Information given below:
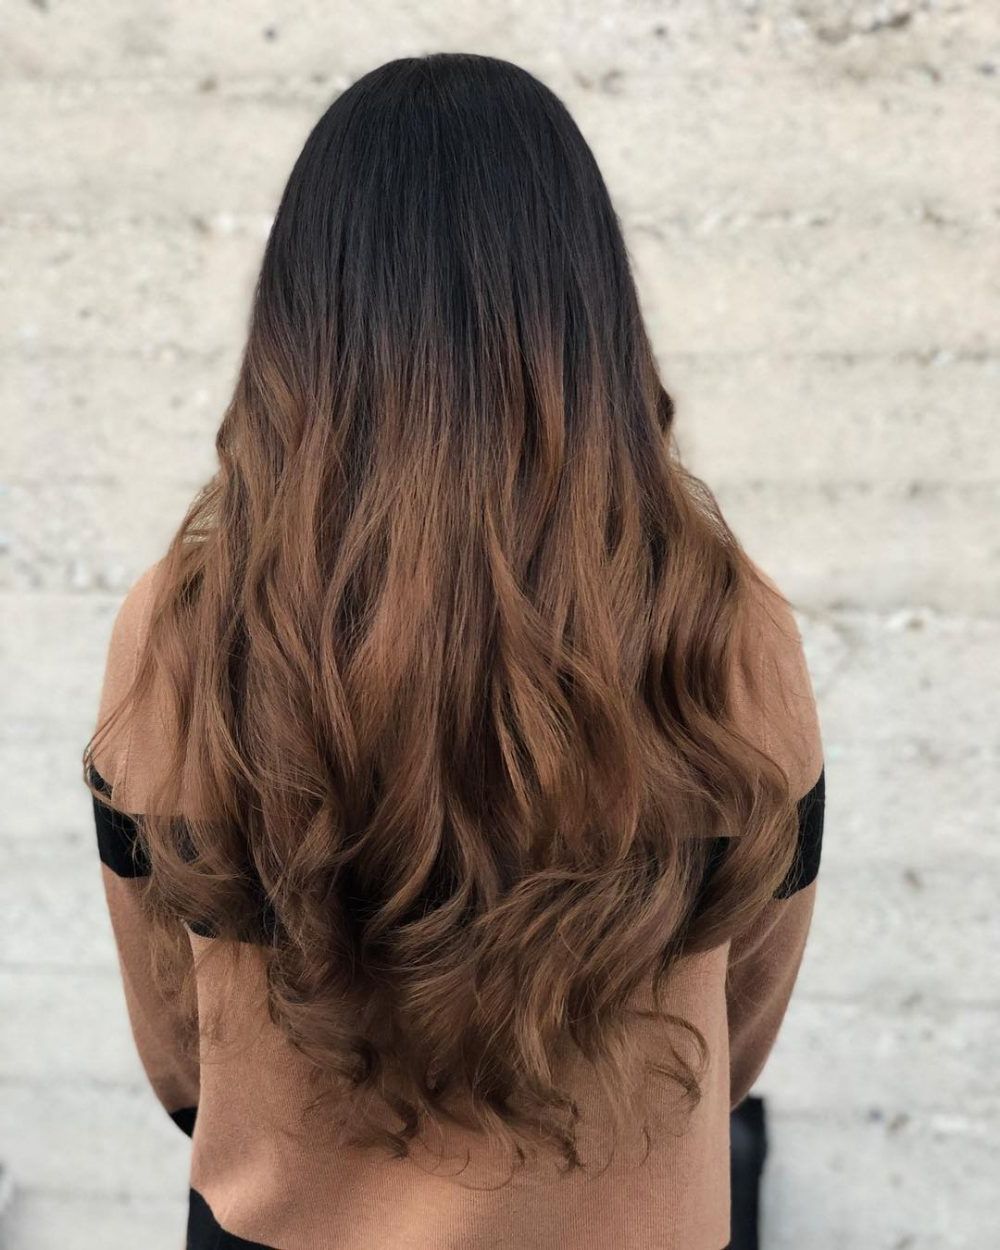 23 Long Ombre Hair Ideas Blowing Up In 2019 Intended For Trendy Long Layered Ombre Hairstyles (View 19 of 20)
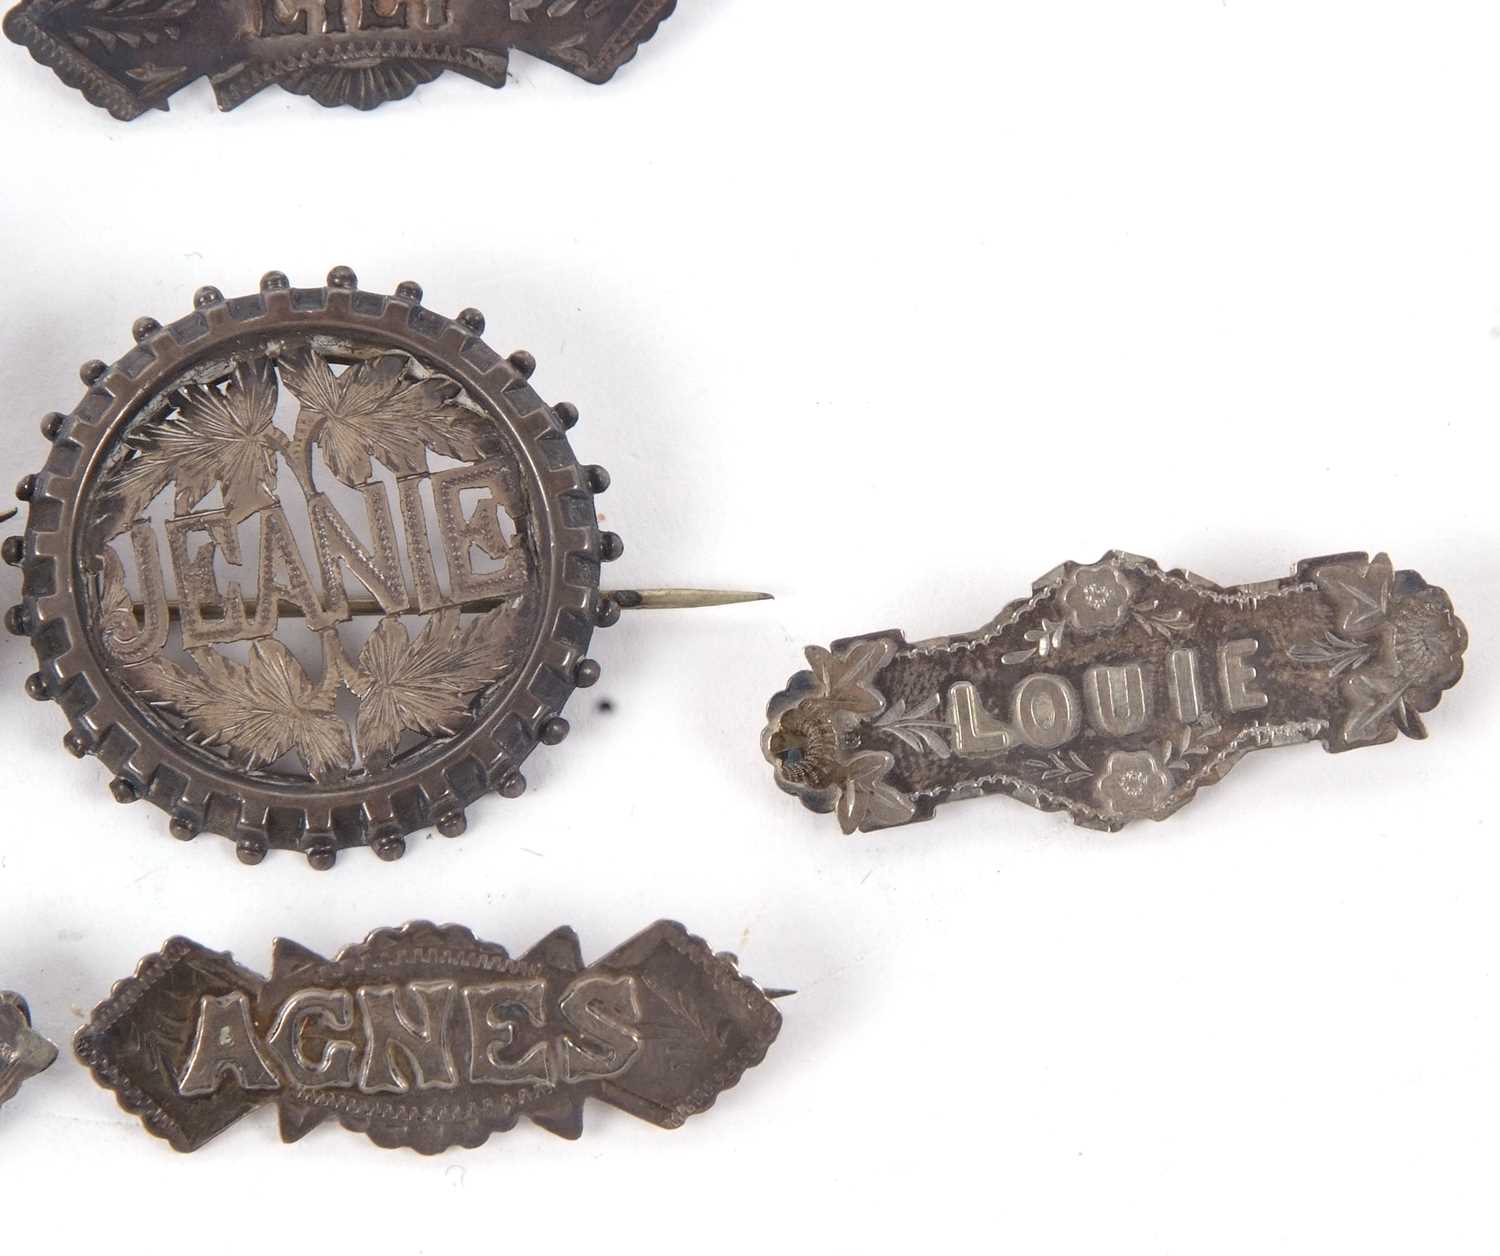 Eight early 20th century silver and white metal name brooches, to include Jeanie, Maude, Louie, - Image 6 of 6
End of Information given.
Information given below:
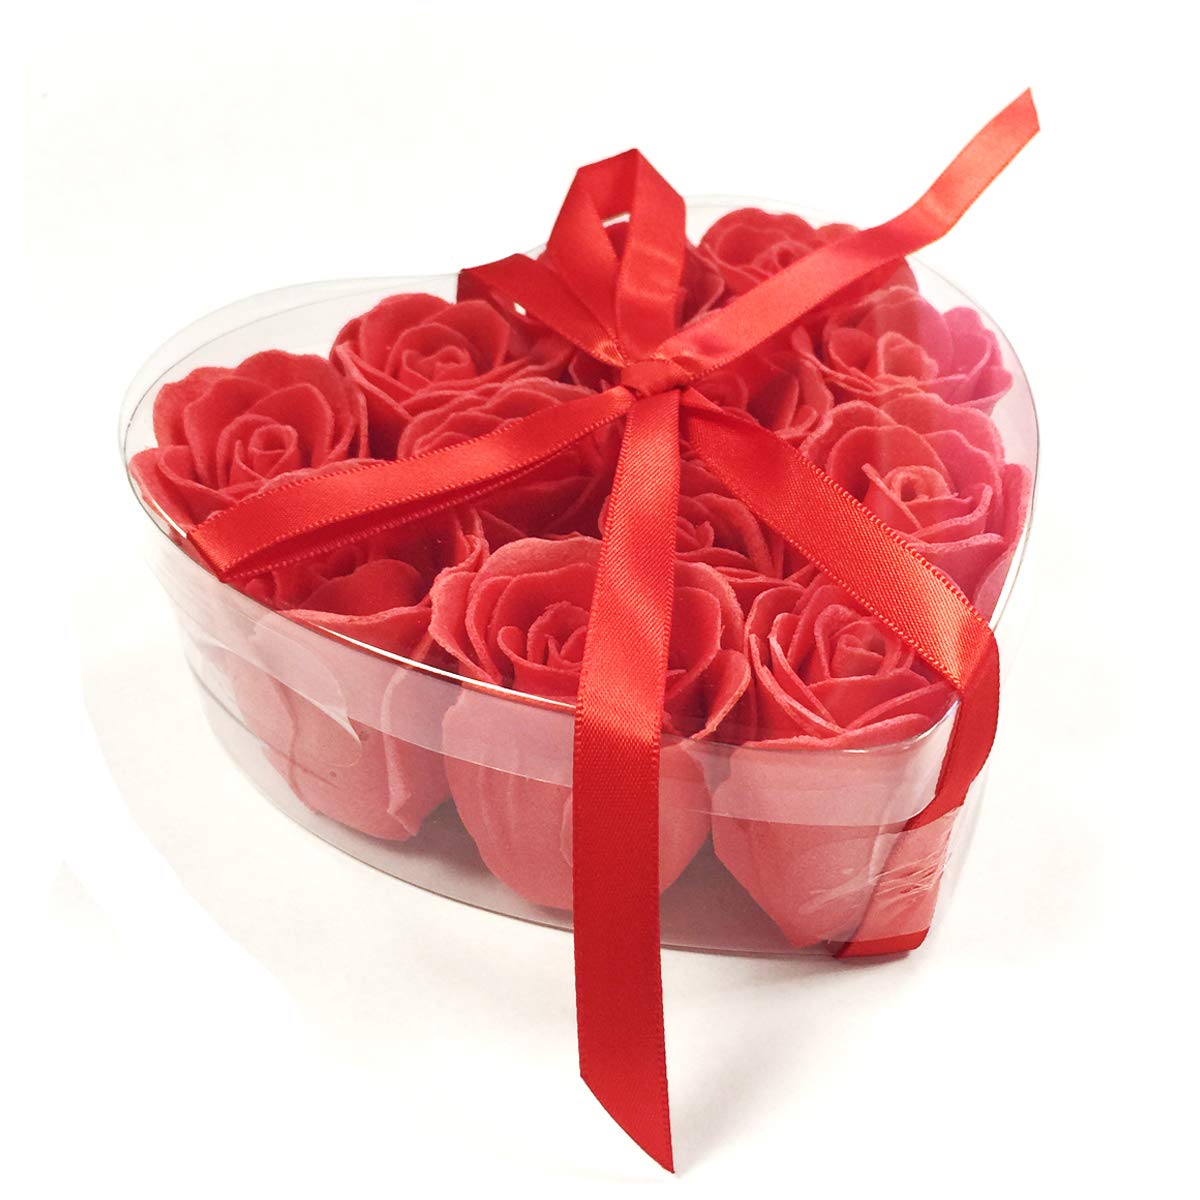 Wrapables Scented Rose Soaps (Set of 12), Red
End of Information given.
§ Directions: Using the material above, reproduce only the lines that run from the line with "23 Long Ombre" up to and including the line with "Eight early 20th", exactly, with the pictures dropped.

§ The answer:
 23 Long Ombre Hair Ideas Blowing Up In 2019 Intended For Trendy Long Layered Ombre Hairstyles (View 19 of 20)
 Eight early 20th century silver and white metal name brooches, to include Jeanie, Maude, Louie, - Image 6 of 6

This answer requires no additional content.